• What you are asked to do: Look through the listing below for the line containing "Lloyds Bank schließt". Copy it and each line after it up to and including the line containing "Cathryn Costa", exactly, leaving out pictures.

• Input for this task:
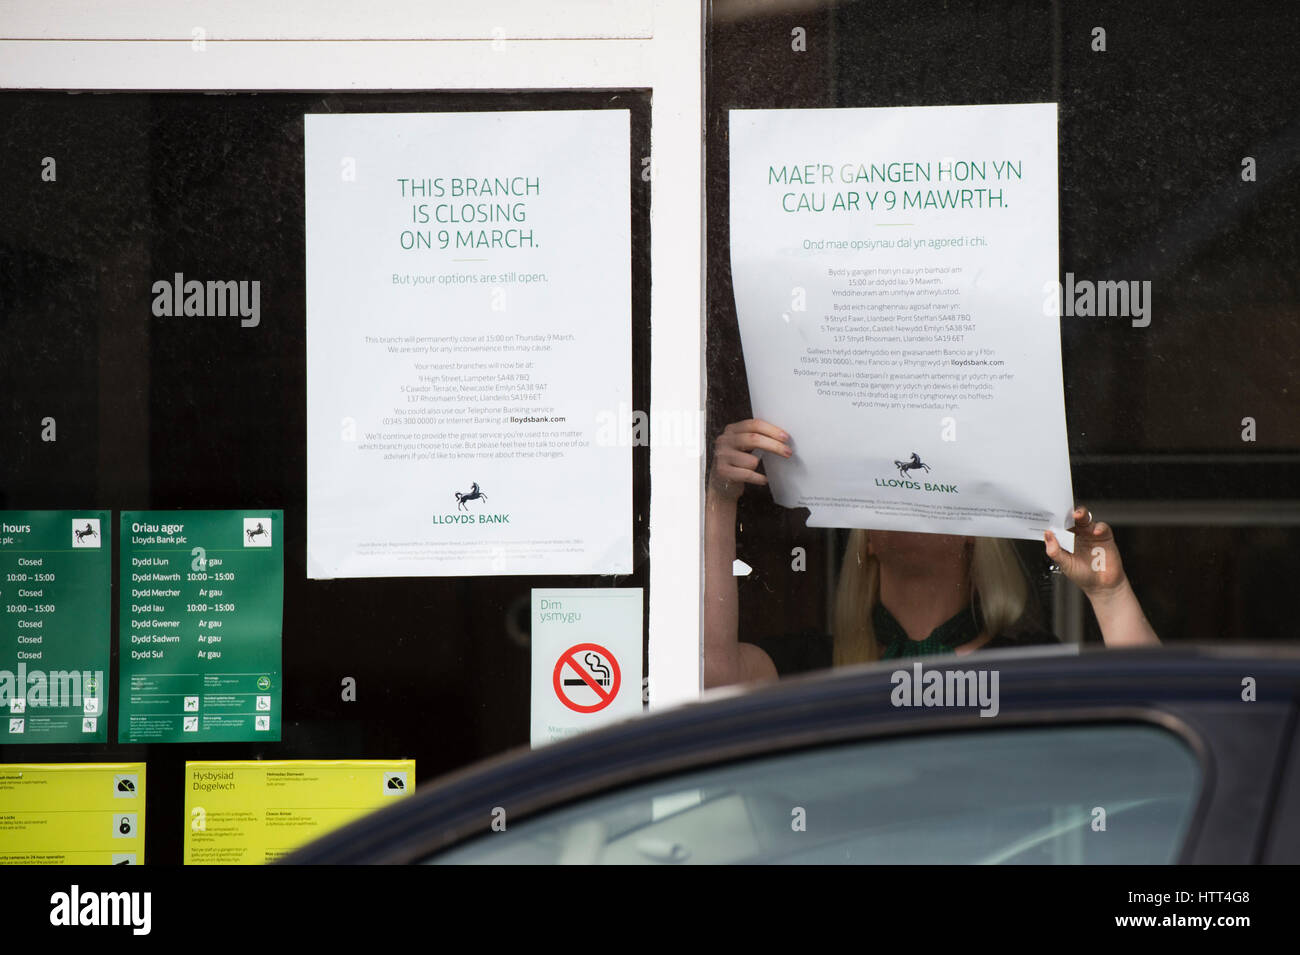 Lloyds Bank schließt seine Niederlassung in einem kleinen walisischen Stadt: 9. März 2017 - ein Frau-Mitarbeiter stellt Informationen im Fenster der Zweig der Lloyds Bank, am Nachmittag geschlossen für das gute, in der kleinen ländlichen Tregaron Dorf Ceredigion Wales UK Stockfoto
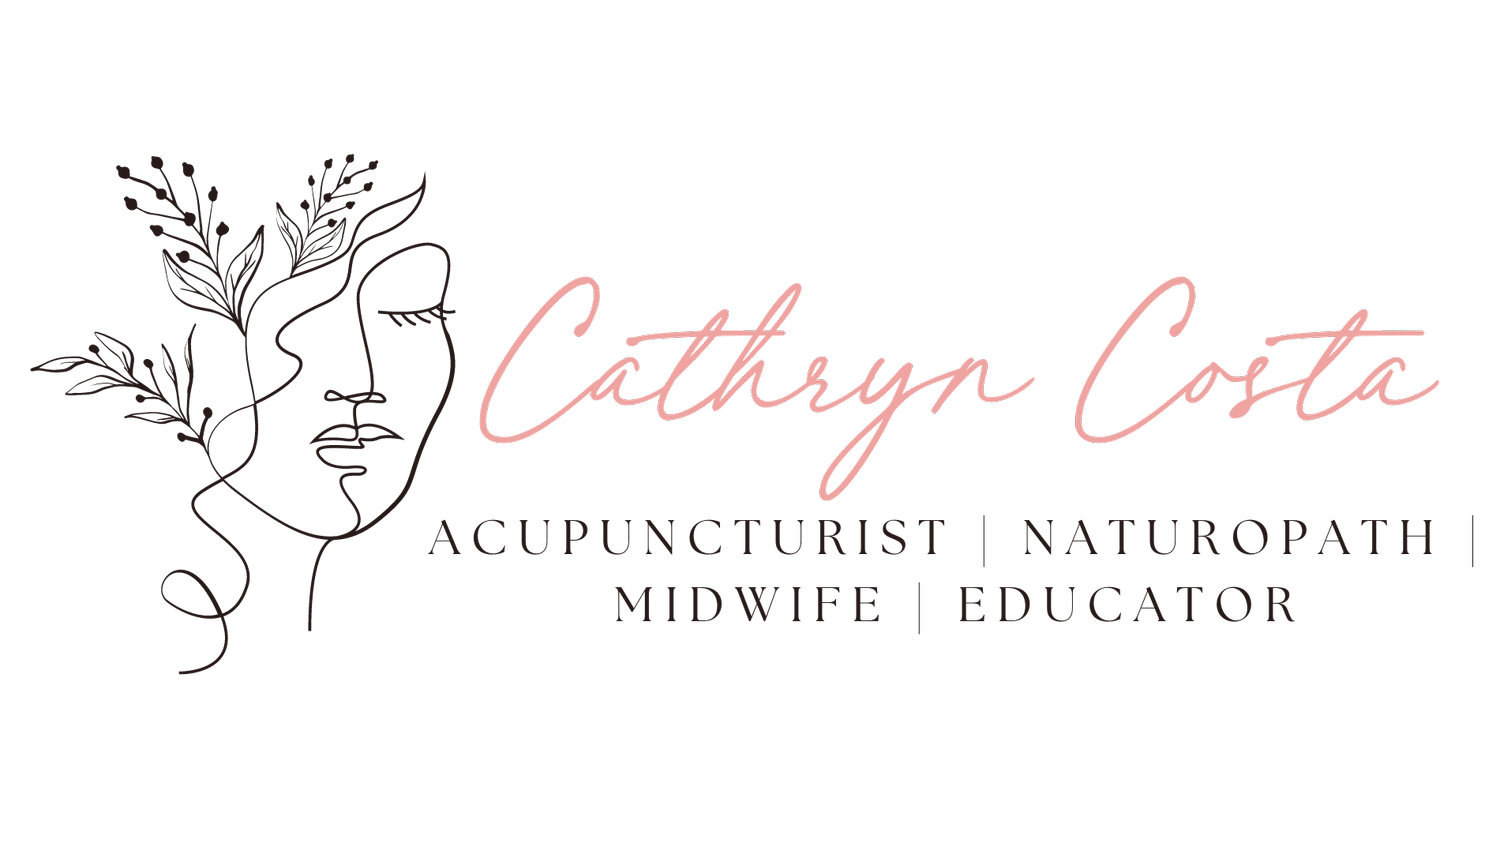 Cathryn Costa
---
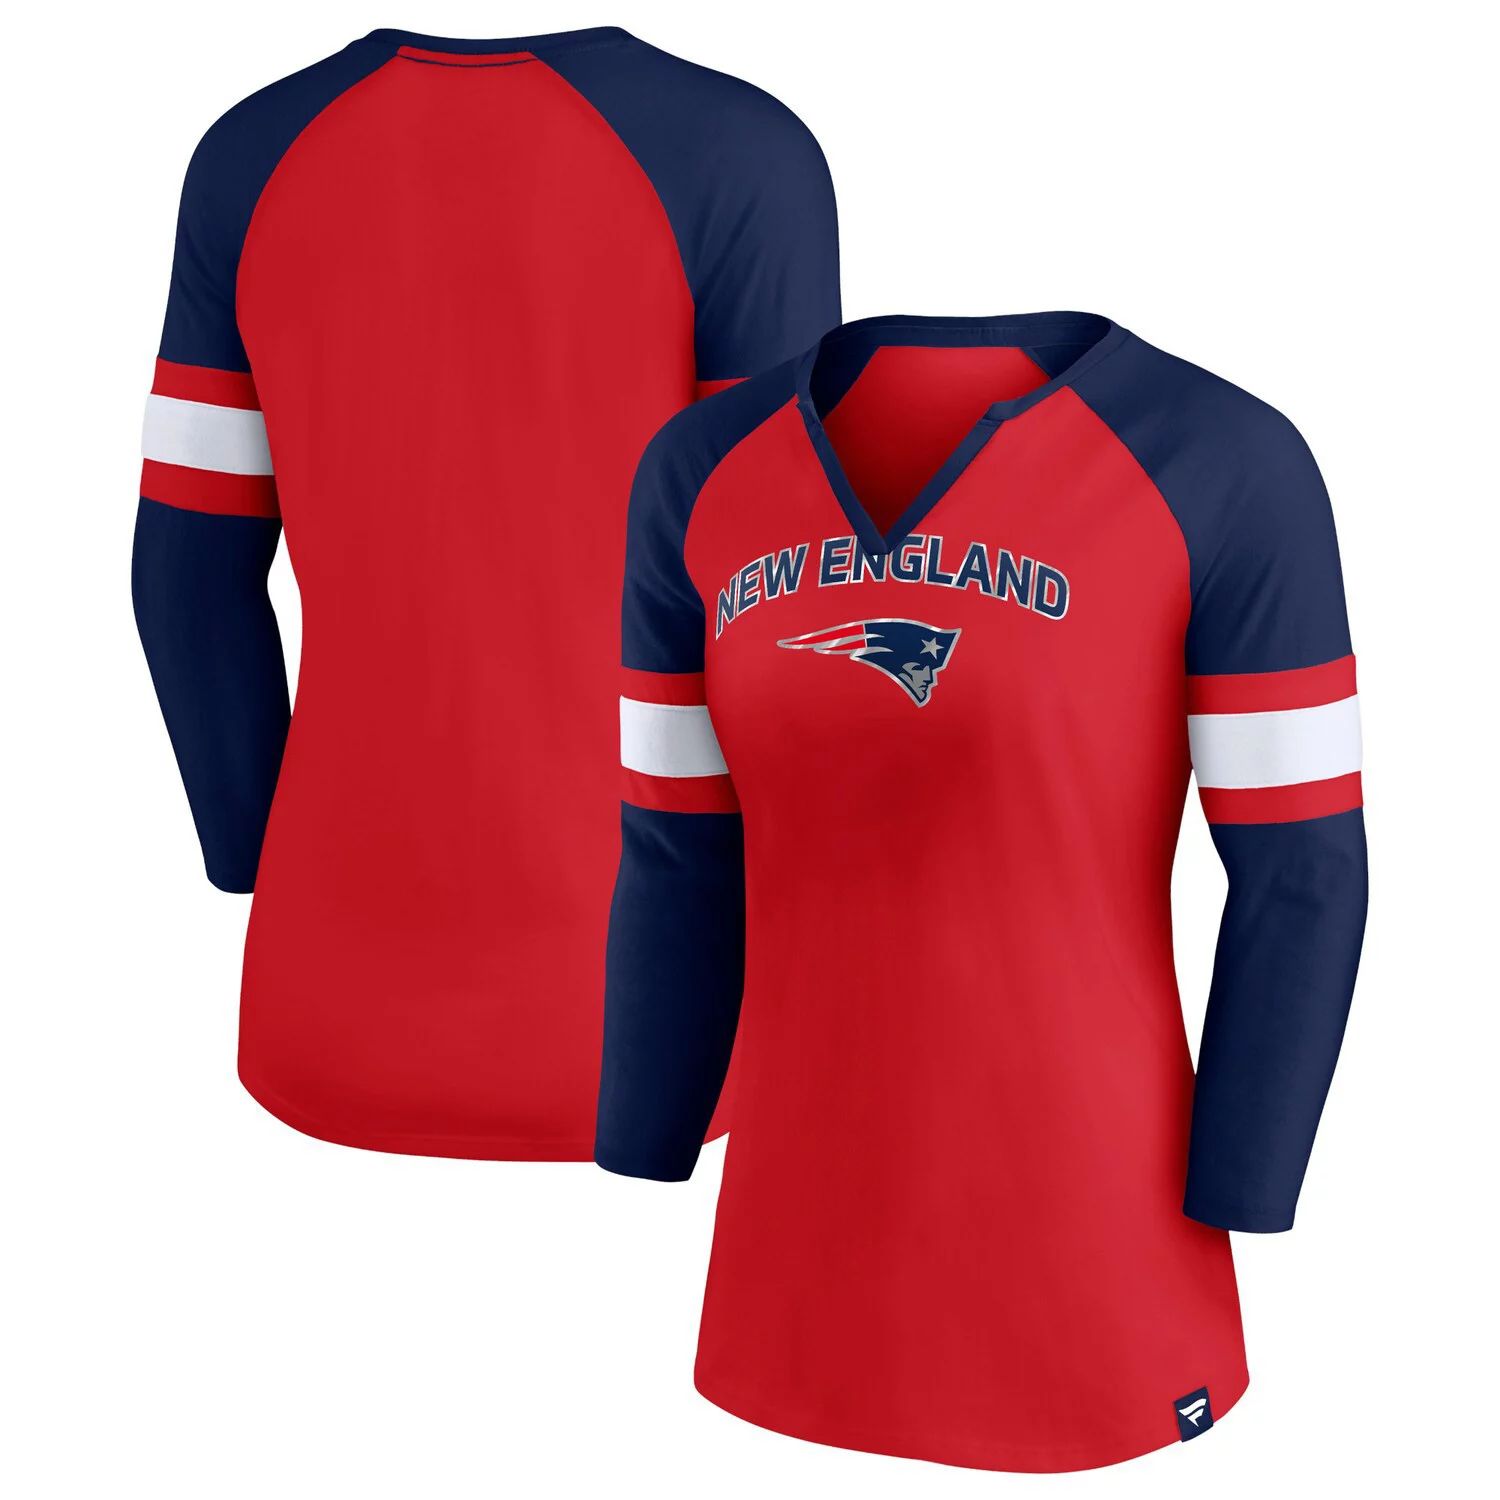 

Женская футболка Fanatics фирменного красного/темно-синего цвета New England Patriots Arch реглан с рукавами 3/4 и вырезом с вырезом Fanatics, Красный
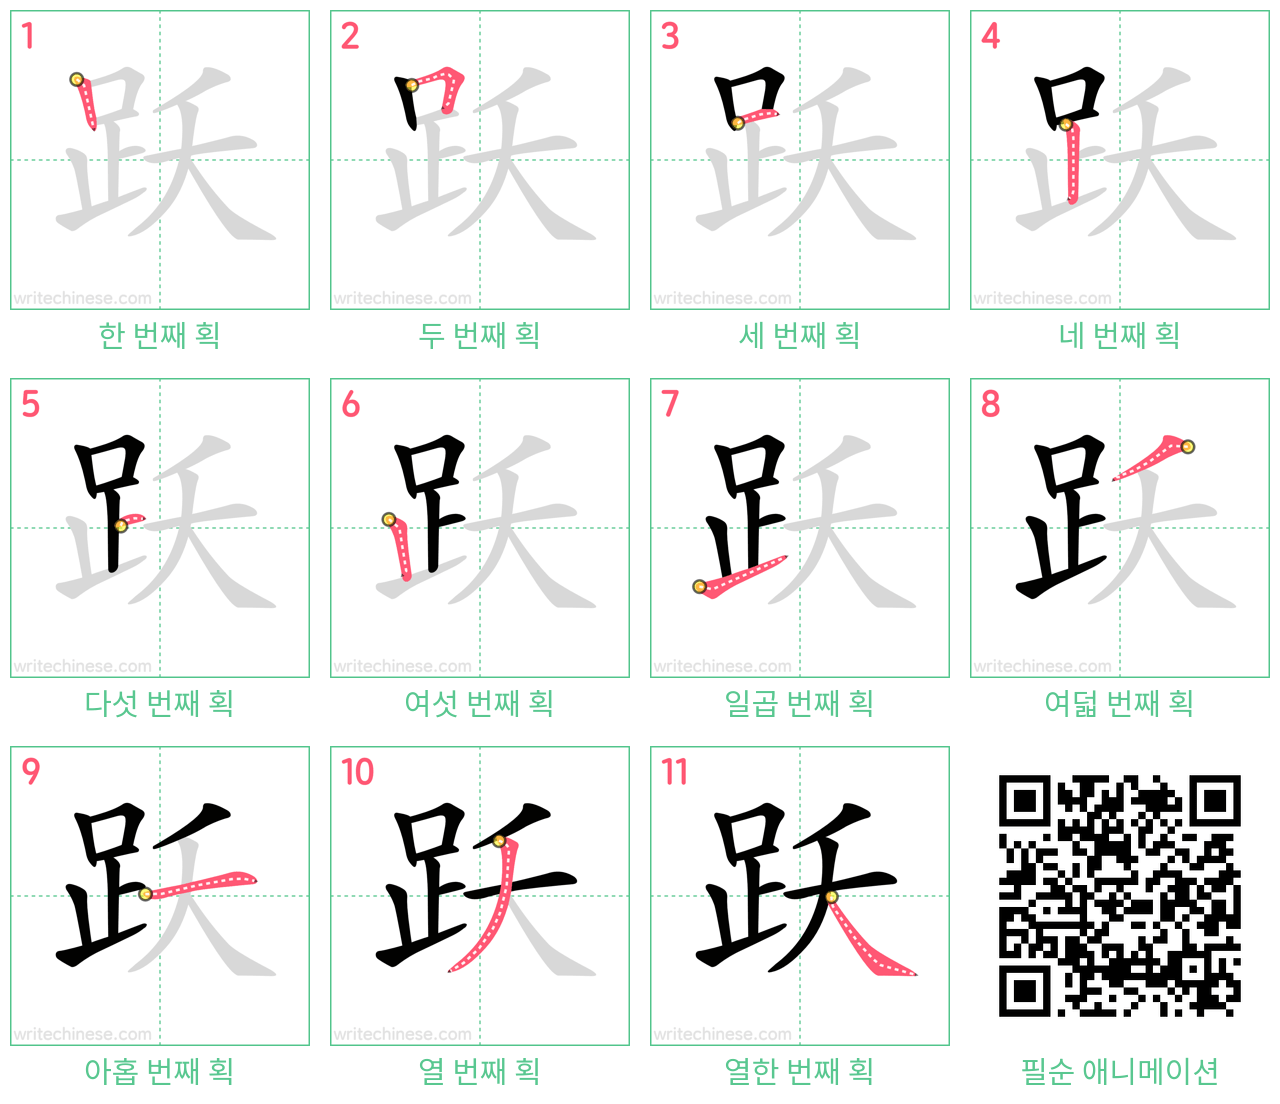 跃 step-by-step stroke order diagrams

• Result:
 Lloyds Bank schließt seine Niederlassung in einem kleinen walisischen Stadt: 9. März 2017 - ein Frau-Mitarbeiter stellt Informationen im Fenster der Zweig der Lloyds Bank, am Nachmittag geschlossen für das gute, in der kleinen ländlichen Tregaron Dorf Ceredigion Wales UK Stockfoto
 Cathryn Costa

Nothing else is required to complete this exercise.